It is nearly impossible to provide hard and fast thresholds: it always depends on the context, and on comparing evaluation metric values for a rule with the values obtained for some other of the dataset’s rules. In short, evaluation of a lone rule is meaningless.

In general, it is recommended to conduct a preliminary exploration of the space of association rules (using domain expertise when appropriate) in order to determine reasonable threshold ranges for the specific situation; candidate rules would then be discarded or retained depending on these metric thresholds.

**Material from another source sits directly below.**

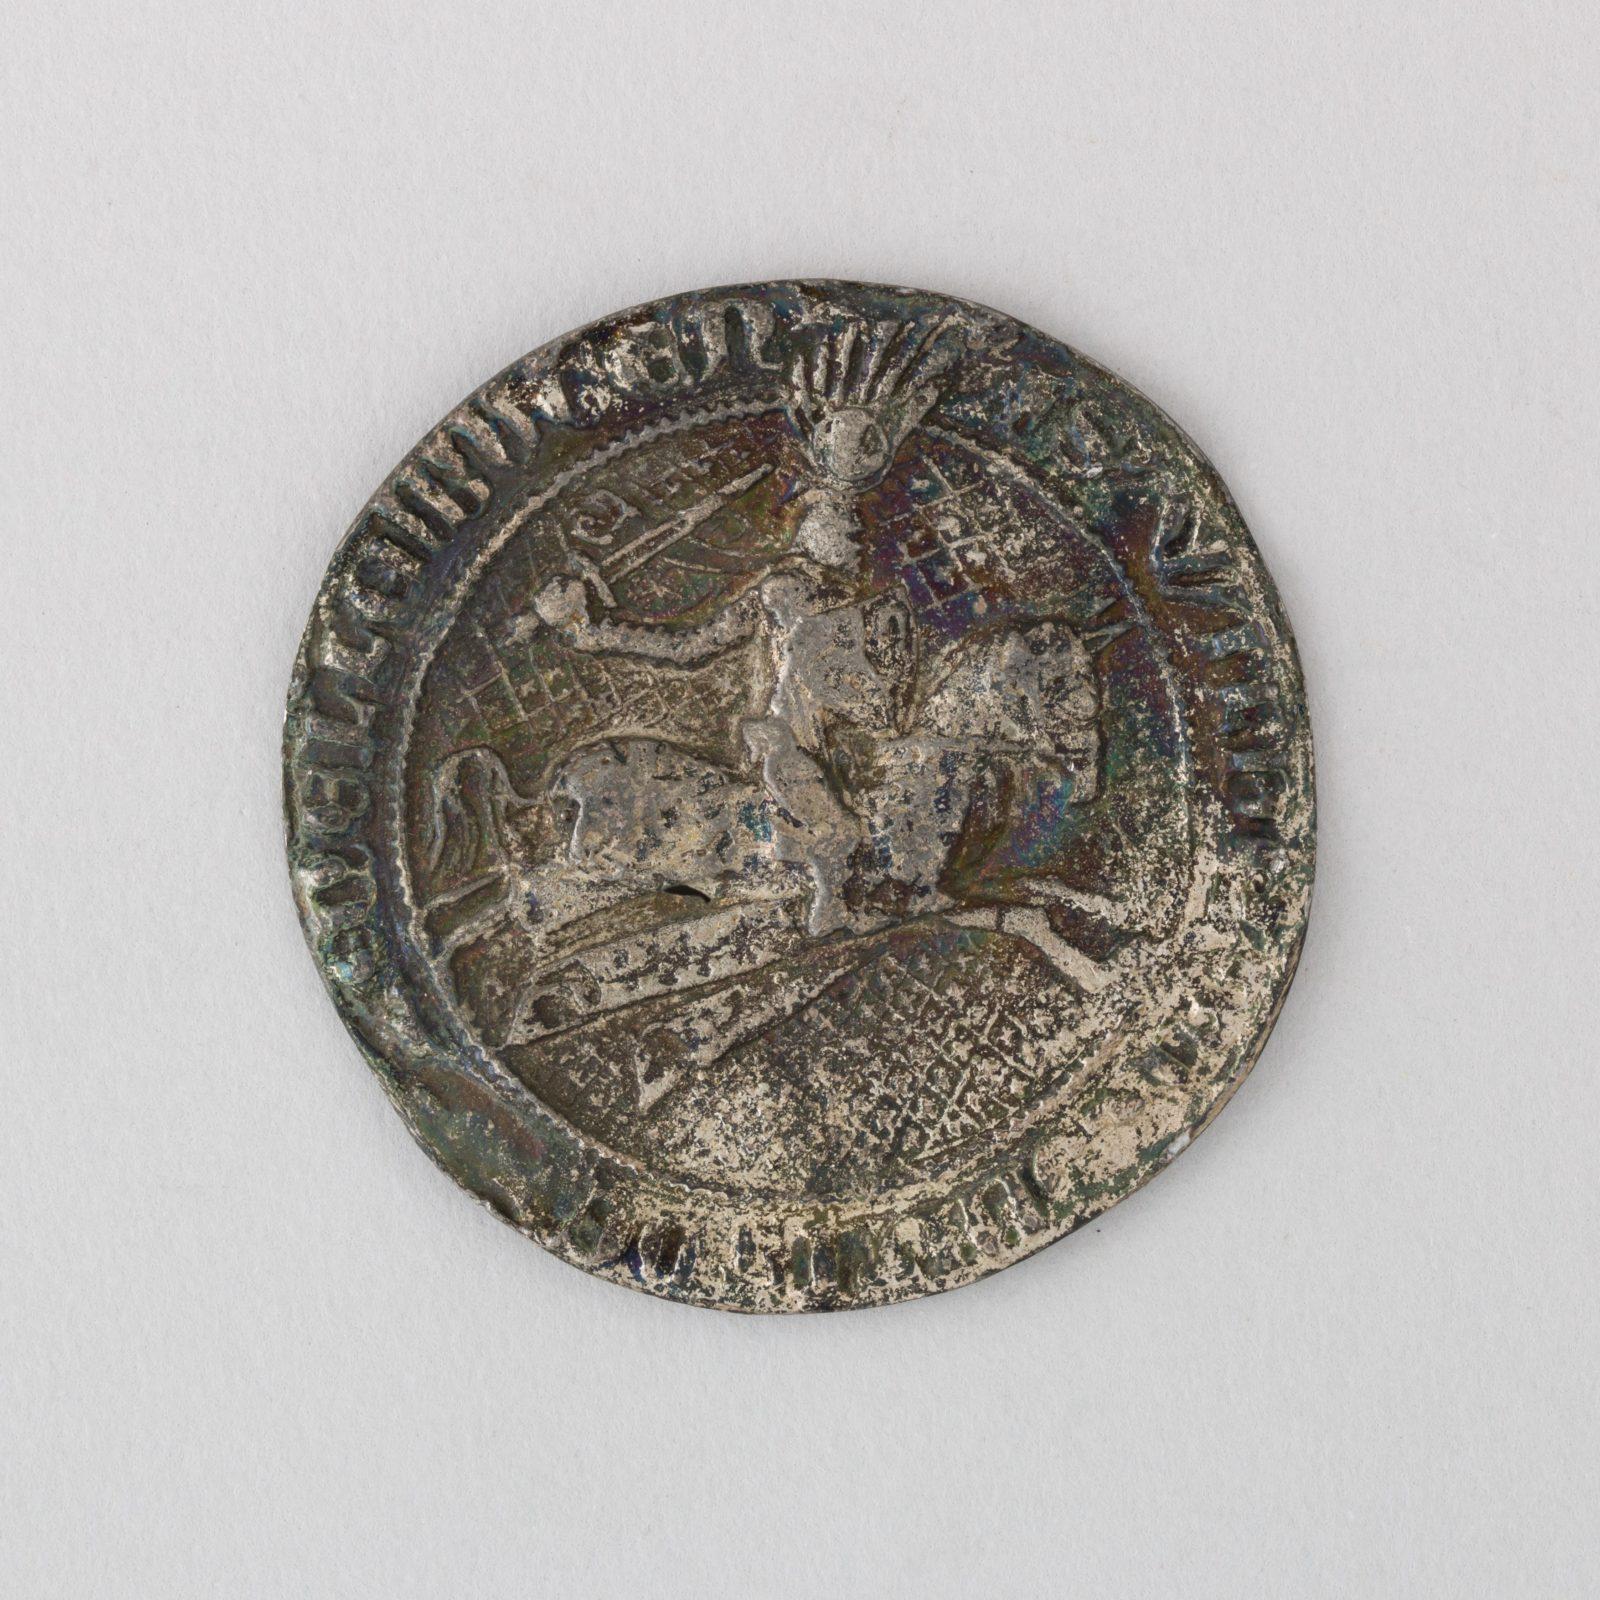 Reproduction of the Seal of Wilhelm, Graf von Catzenelnbogen, L. 12th–14th century
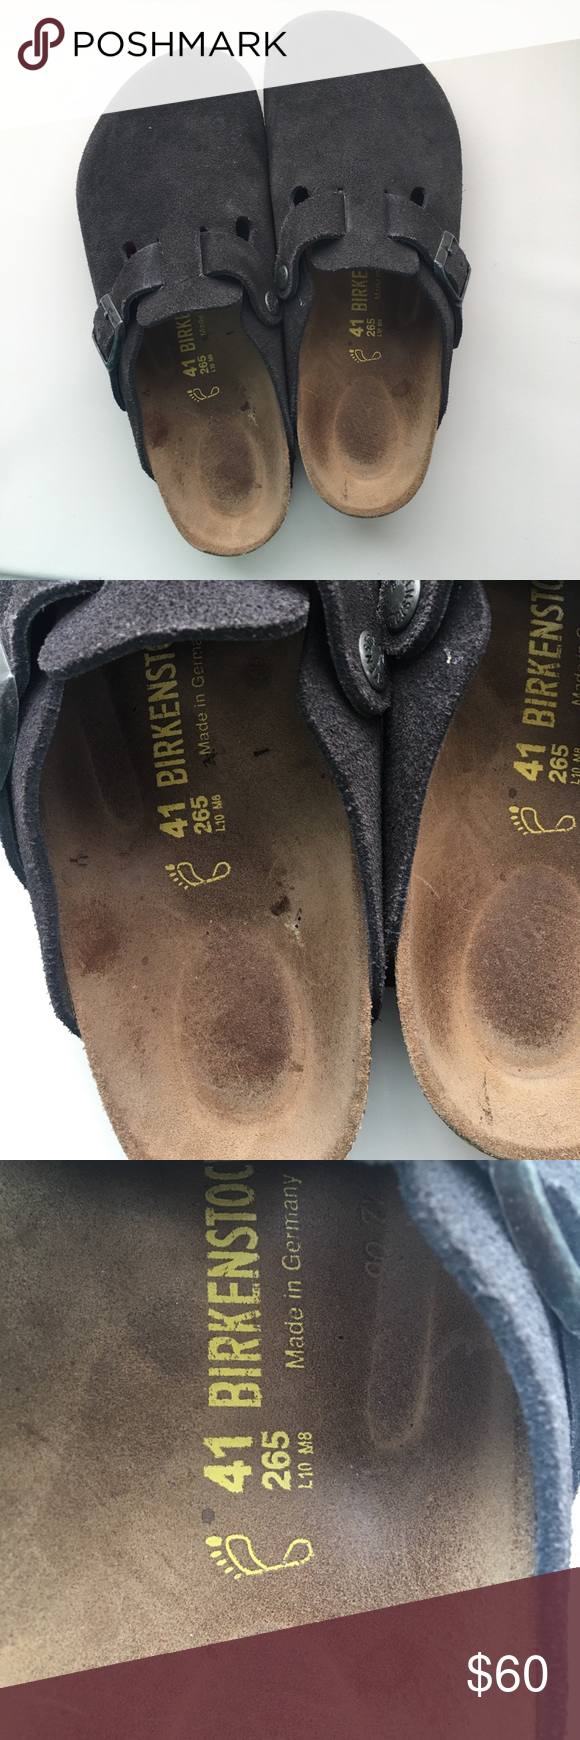 new style 22104 1d0d6 Birkenstock Betula 41 265 Dark Gray Suede Mules Birkenstock ...

This requires the ability to “easily” generate potentially meaningful candidate rules.

11.3.2 Generating Rules

Given association rules, it is straightforward to evaluate them using various metrics, as discussed in the previous section.

The real challenge of association rules discovery lies in generating a set of candidate rules which are likely to be retained, without wasting time generating rules which are likely to be discarded.

An itemset (or instance set) for a dataset is a list of attributes and values. A set of rules can be created from the itemset by adding “IF … THEN” blocks to the instances.

As an example, from the instance set

\[\{ \textrm{membership} = \textrm{True}, \textrm{age} = \textrm{Youth}, \textrm{purchasing} = \textrm{Typical} \},\]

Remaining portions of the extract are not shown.